The Data Science Virtual Machine (DSVM) is a customized VM image on Microsoft’s Azure cloud built specifically for doing data science. It has many popular data science and other tools pre-installed and pre-configured to jump-start building intelligent applications for advanced analytics. It is available on Windows Server 2012 and on Linux. We offer Linux edition of the DSVM in either Ubuntu 16.04 LTS or on OpenLogic 7.2 CentOS-based Linux distributions.

This topic discusses what you can do with the Data Science VM, outlines some of the key scenarios for using the VM, itemizes the key features available on the Windows and Linux versions, and provides instructions on how to get started using them.

What can I do with the Data Science Virtual Machine?

The goal of the Data Science Virtual Machine is to provide data professionals at all skill levels and roles with a friction-free data science environment. This VM saves you considerable time that you would spend if you had rolled out a comparable environment on your own. Instead, start your data science project immediately in a newly created VM instance.

The Data Science VM is designed and configured for working with a broad usage scenarios. You can scale your environment up or down as your project needs change. You are able to use your preferred language to program data science tasks. You can install other tools and customize the system for your exact needs.

Key Scenarios

This section suggests some key scenarios for which the Data Science VM can be deployed.

Preconfigured analytics desktop in the cloud

The Data Science VM provides a baseline configuration for data science teams looking to replace their local desktops with a managed cloud desktop. This baseline ensures that all the data scientists on a team have a consistent setup with which to verify experiments and promote collaboration.
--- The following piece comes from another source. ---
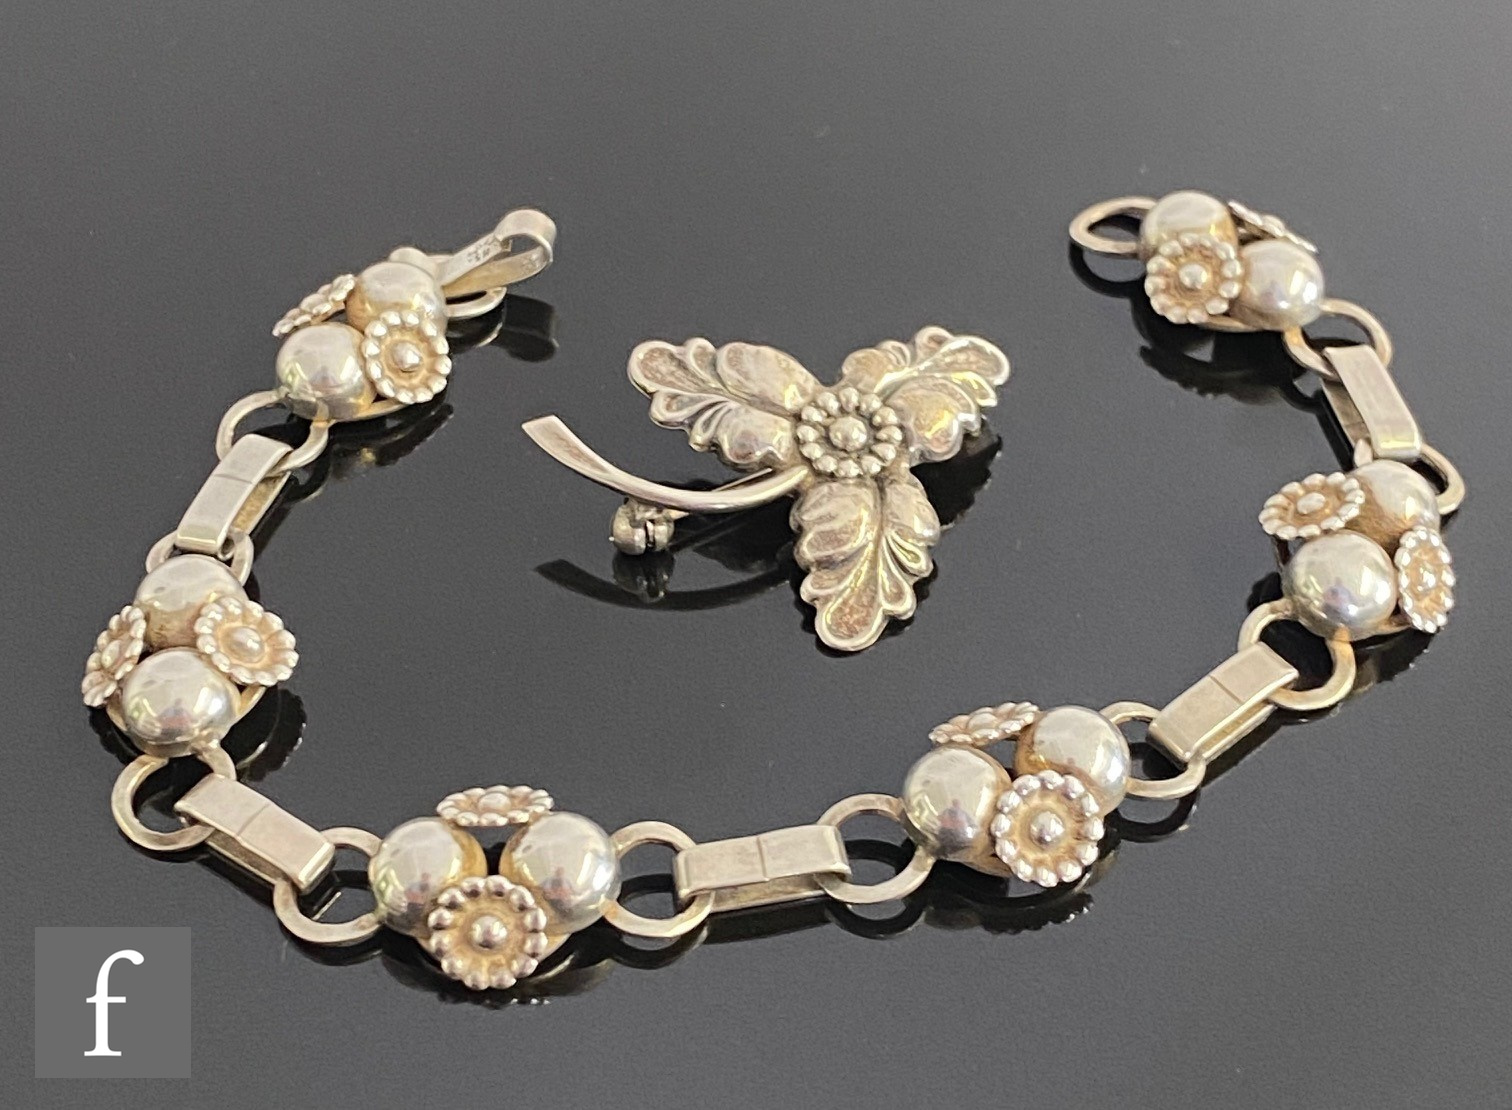 A Danish silver bracelet decorated with six stylised flower head sections, length 21cm, with a

It also lowers costs by reducing the sysadmin burden and saving on the time needed to evaluate, install, and maintain the various software packages needed to do advanced analytics.

Data science training and education

Enterprise trainers and educators that teach data science classes usually provide a virtual machine image to ensure that their students have a consistent setup and that the samples work predictably. The Data Science VM creates an on-demand environment with a consistent setup that eases the support and incompatibility challenges. Cases where these environments need to be built frequently, especially for shorter training classes, benefit substantially.
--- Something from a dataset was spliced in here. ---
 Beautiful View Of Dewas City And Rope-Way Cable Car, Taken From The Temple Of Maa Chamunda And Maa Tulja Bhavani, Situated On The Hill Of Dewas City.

On-demand elastic capacity for large-scale projects

Data science hackathons/competitions or large-scale data modeling and exploration require scaled out hardware capacity, typically for short duration. The Data Science VM can help replicate the data science environment quickly on demand, on scaled out servers that allow experiments requiring high-powered computing resources to be run.
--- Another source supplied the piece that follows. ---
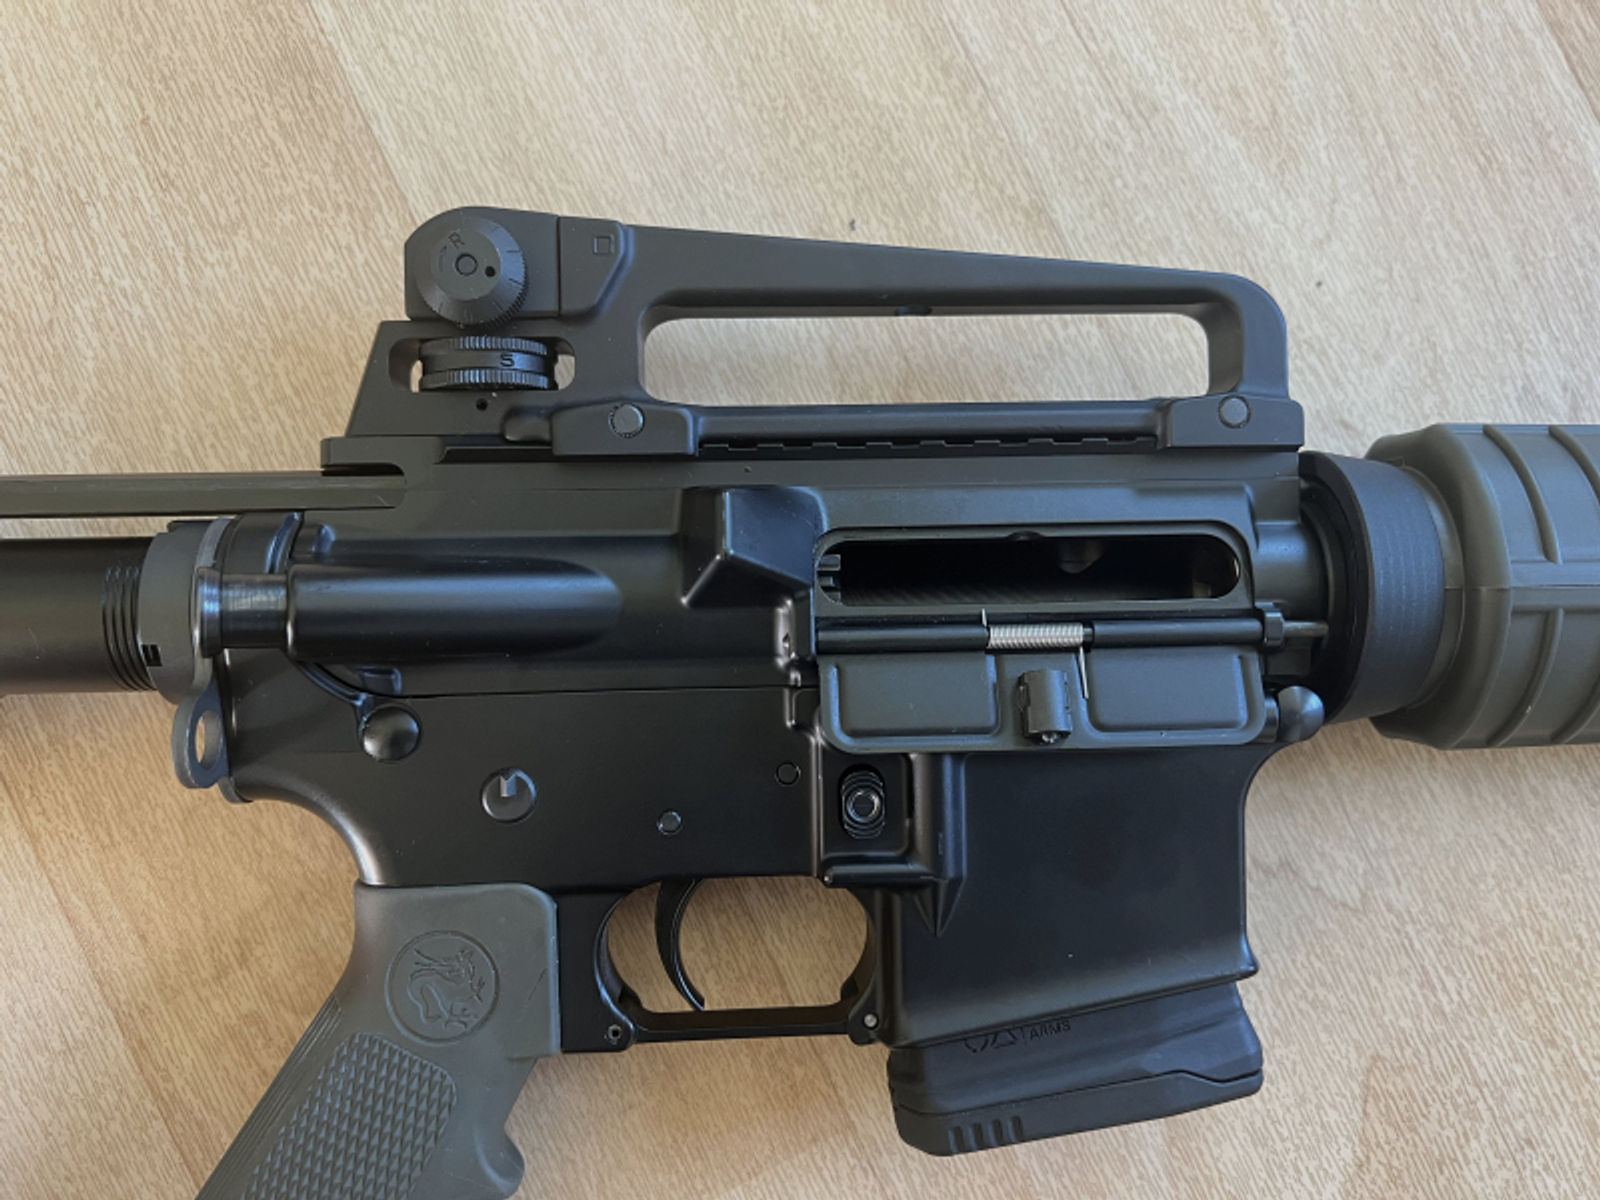 OBERLAND ARMS Repetierbüchse OA-GZR "AR15" .223REM WBK GELB! TOP!!!

Short-term experimentation and evaluation

The Data Science VM can be used to evaluate or learn tools such as Microsoft R Server, SQL Server, Visual Studio tools, Jupyter, deep learning / ML toolkits, and new tools popular in the community with minimal setup effort. Since the Data Science VM can be set up quickly, it can be applied in other short-term usage scenarios such as replicating published experiments, executing demos, following walkthroughs in online sessions or conference tutorials.

Deep learning

The data science VM can be used for training model using deep learning algorithms on GPU (Graphics processing units) based hardware. DSVM helps you use GPU based hardware on the cloud only as needed when you have to train large models or you need high speed computations that take advantage of the power of a GPU. On the Windows, we currently provide the Deep Learning toolkit for DSVM as a separate add-on on the top of the DSVM. This addon automatically installs the GPU drivers, frameworks and GPU version of the deep learning algorithms while creating your VM instance. On the Linux, deep learning on GPU is enabled only on the Data Science Virtual Machine for Linux (Ubuntu) edition. You can deploy the Ubuntu edition of Data Science VM to non GPU-based Azure virtual machine in which case all the deep learning frameworks fallback to the CPU mode. The CentOS-based Linux edition of the DSVM contains only the CPU builds of some of the deep learning tools (CNTK, Tensorflow, MXNet) but does not come preinstalled with the GPU drivers and frameworks.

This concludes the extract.